Role-based addresses (info@, admin@, support@, noreply@) route to shared inboxes staffed by multiple people, none of whom opted in personally. They generate disproportionate complaint rates because recipients feel no ownership of the subscription and report spam at 3–5× the rate of personal addresses. Campaigns sent to role addresses also score lower engagement — shared inboxes are typically managed for task completion, not reading newsletters — which trains ISP filters to classify your domain as low-value. Elevated complaint rates from these addresses can trigger CAN-SPAM enforcement scrutiny, since complaints are one of the signals ISPs forward to the FTC.
Medium because role addresses consistently elevate complaint rates and suppress engagement signals, indirectly degrading sender reputation rather than causing immediate bounces.
Detect role-based prefixes at ingest and store a flag on the contact record to gate campaign eligibility:
const ROLE_PREFIXES = [
'info', 'admin', 'support', 'hello', 'noreply', 'no-reply',
'postmaster', 'webmaster', 'contact', 'sales', 'team',
'abuse', 'hostmaster', 'help', 'feedback'
]
function isRoleBased(email: string): boolean {
const local = email.split('@')[0]?.toLowerCase() ?? ''
return ROLE_PREFIXES.some(prefix => local === prefix)
}
await db.contact.create({
data: { email, is_role_address: isRoleBased(email) }
})
Add where: { is_role_address: false } to cold campaign segment queries. Transactional sends (receipts, password resets) can still reach role addresses — exclude them from marketing campaigns only.
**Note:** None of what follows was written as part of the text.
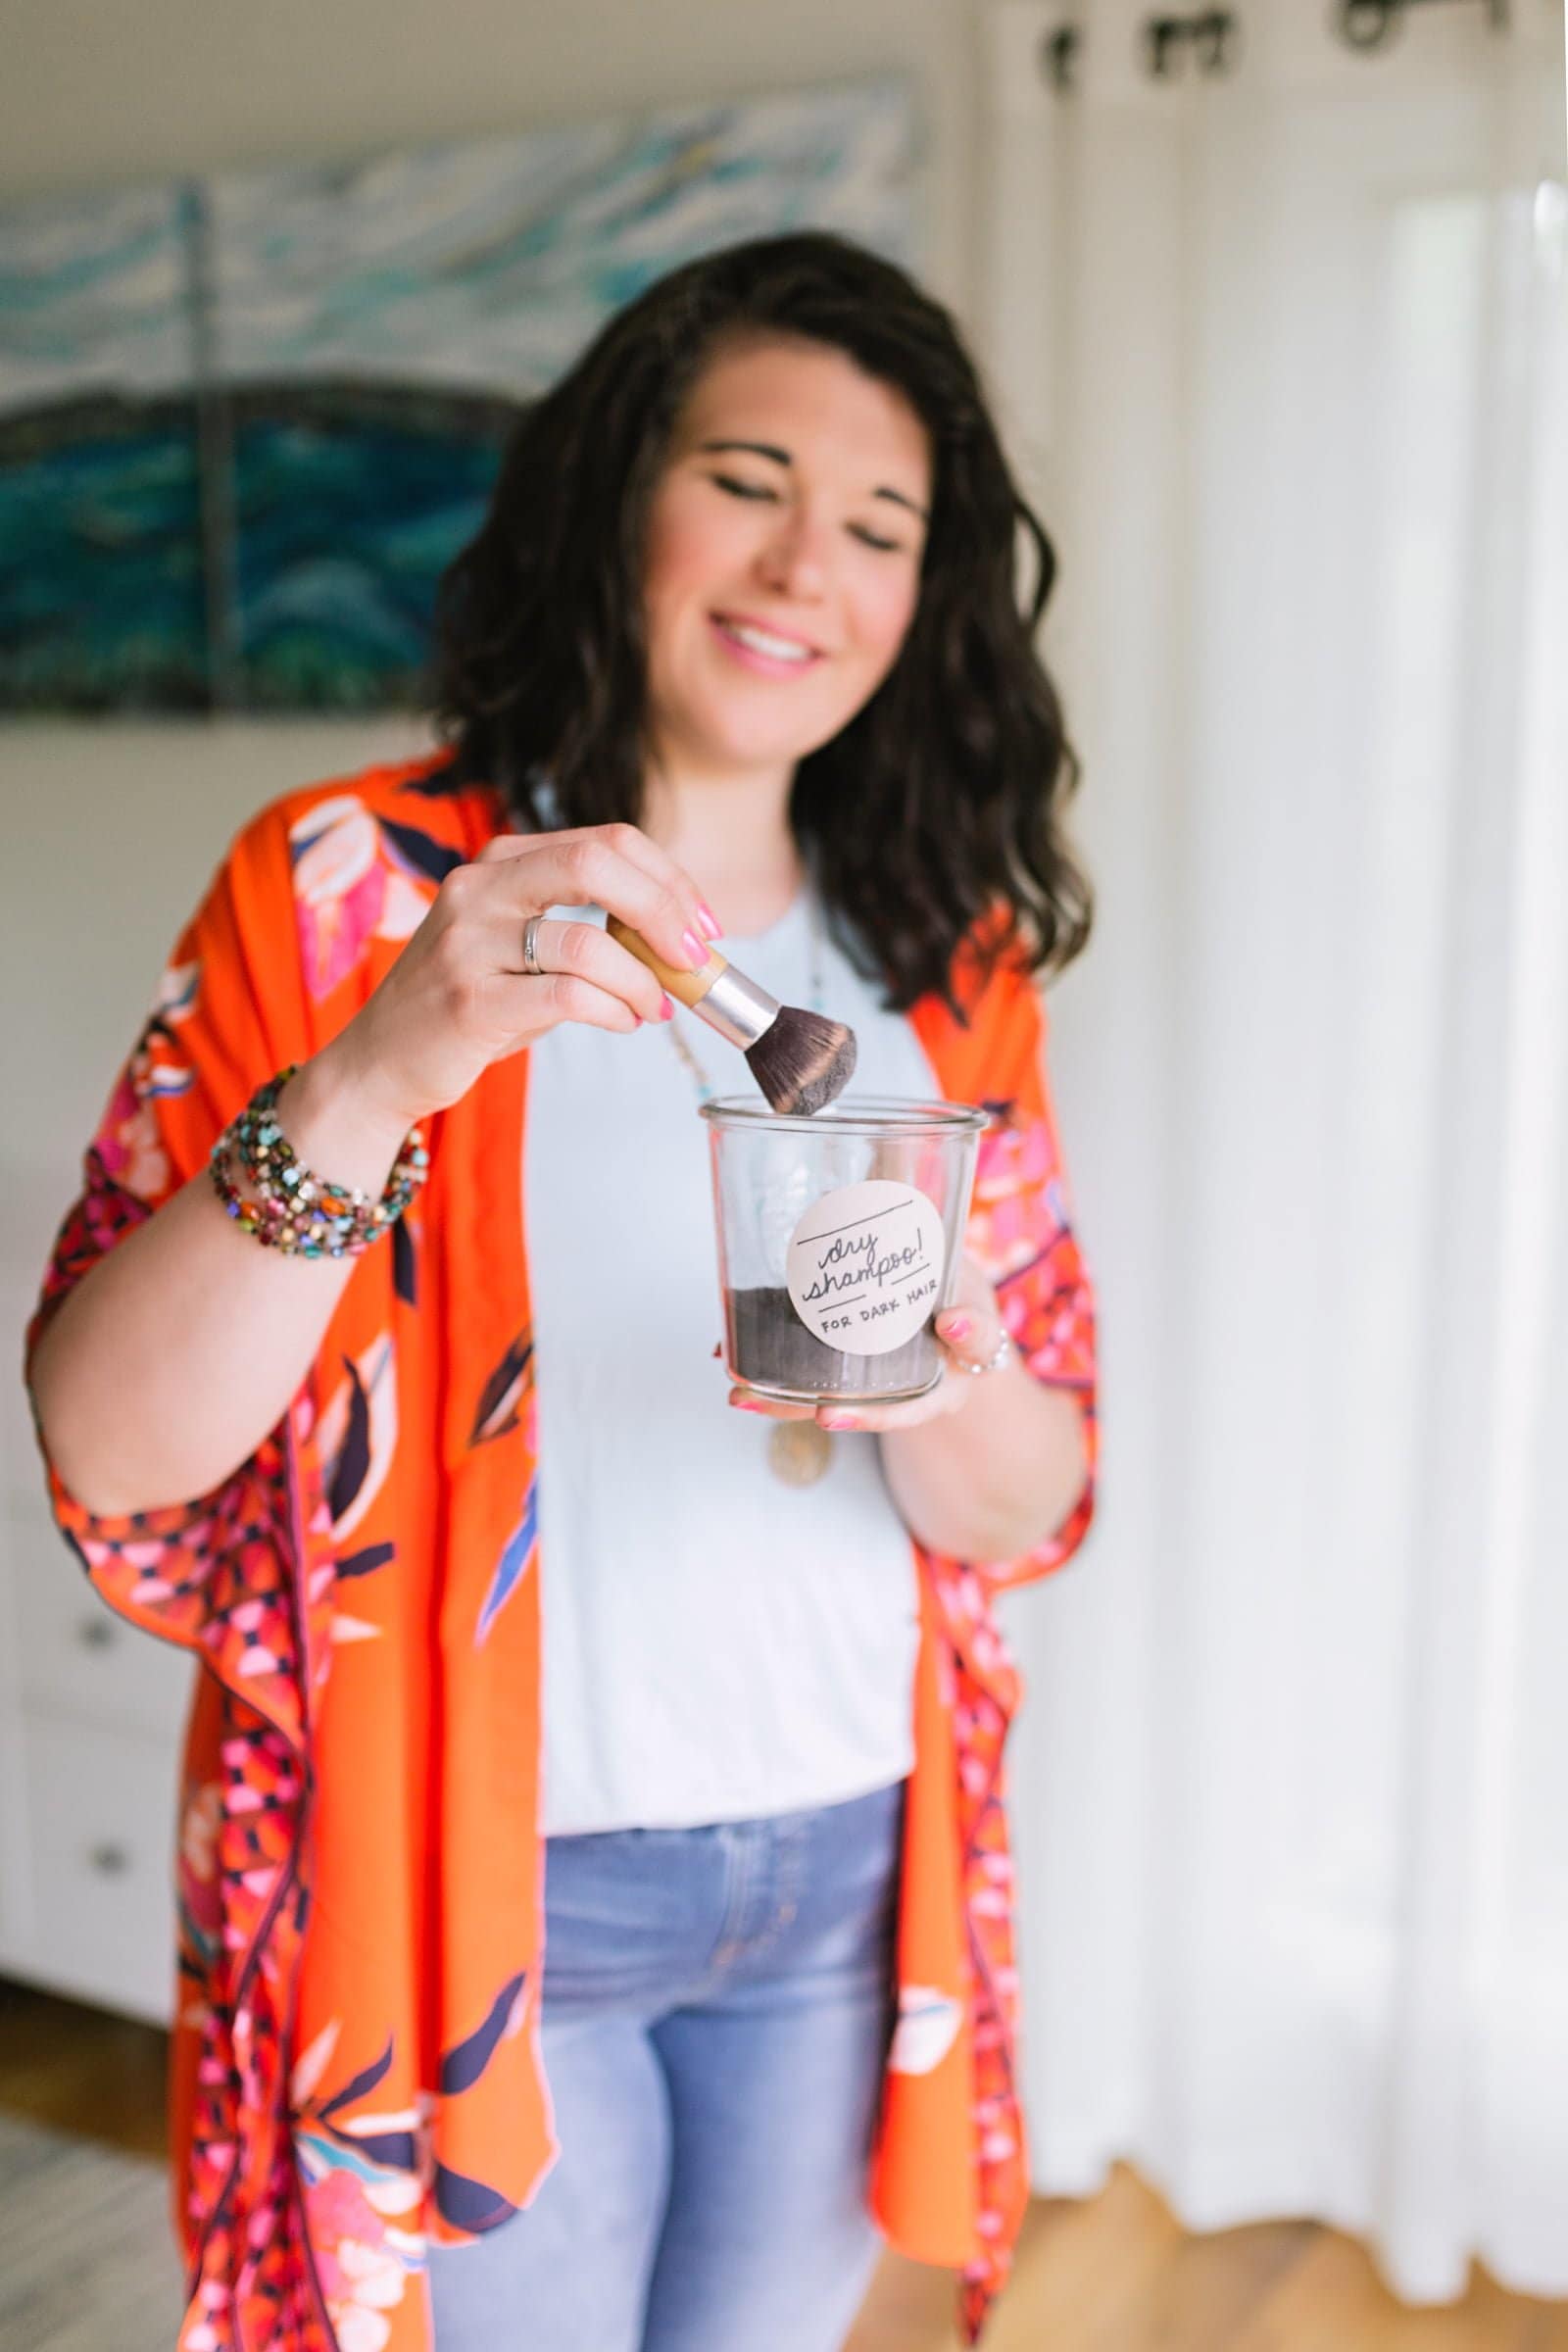 Brunette woman in a neutral top and orange kimono using a brush to mix up some DIY dry shampoo.

ID: data-quality-list-hygiene.email-validation.role-address-flagging
Severity: medium
What to look for: Check whether the system identifies addresses with role-based prefixes: info@, admin@, support@, hello@, noreply@, postmaster@, webmaster@, contact@, sales@, team@, abuse@, hostmaster@. Enumerate all role prefixes the system checks and count the number covered out of the 12 known role prefixes — quote the actual prefix list found. These addresses often deliver to shared inboxes, go unread, and generate elevated complaint rates. Look for prefix detection in validation logic or a separate flagging system.
Pass criteria: Role-based addresses are detected covering at least 8 of the 12 standard role prefixes. Detected addresses are either rejected (strict) or flagged with a metadata tag that prevents them from receiving certain campaign types (especially cold outreach). Report the count of covered prefixes even on pass.
Fail criteria: Role-based addresses are accepted and treated identically to personal addresses. Or fewer than 8 role prefixes are covered.
Skip (N/A) when: The system is a transactional system only (receipts, alerts) where role-based addresses are expected and acceptable recipients.
Detail on fail: Example: "No role-address detection — info@ and admin@ addresses are treated identically to personal addresses"
Remediation: Add prefix detection at ingest and tag the contact record:
const ROLE_PREFIXES = [
'info', 'admin', 'support', 'hello', 'noreply', 'no-reply',
'postmaster', 'webmaster', 'contact', 'sales', 'team',
'abuse', 'hostmaster', 'help', 'feedback'
]
function isRoleBased(email: string): boolean {
const local = email.split('@')[0]?.toLowerCase() ?? ''
return ROLE_PREFIXES.some(prefix => local === prefix)
}
// Store the flag on the contact:
await db.contact.create({
data: { email, is_role_address: isRoleBased(email), ... }
})
Use the is_role_address flag to exclude these contacts from cold campaign segments.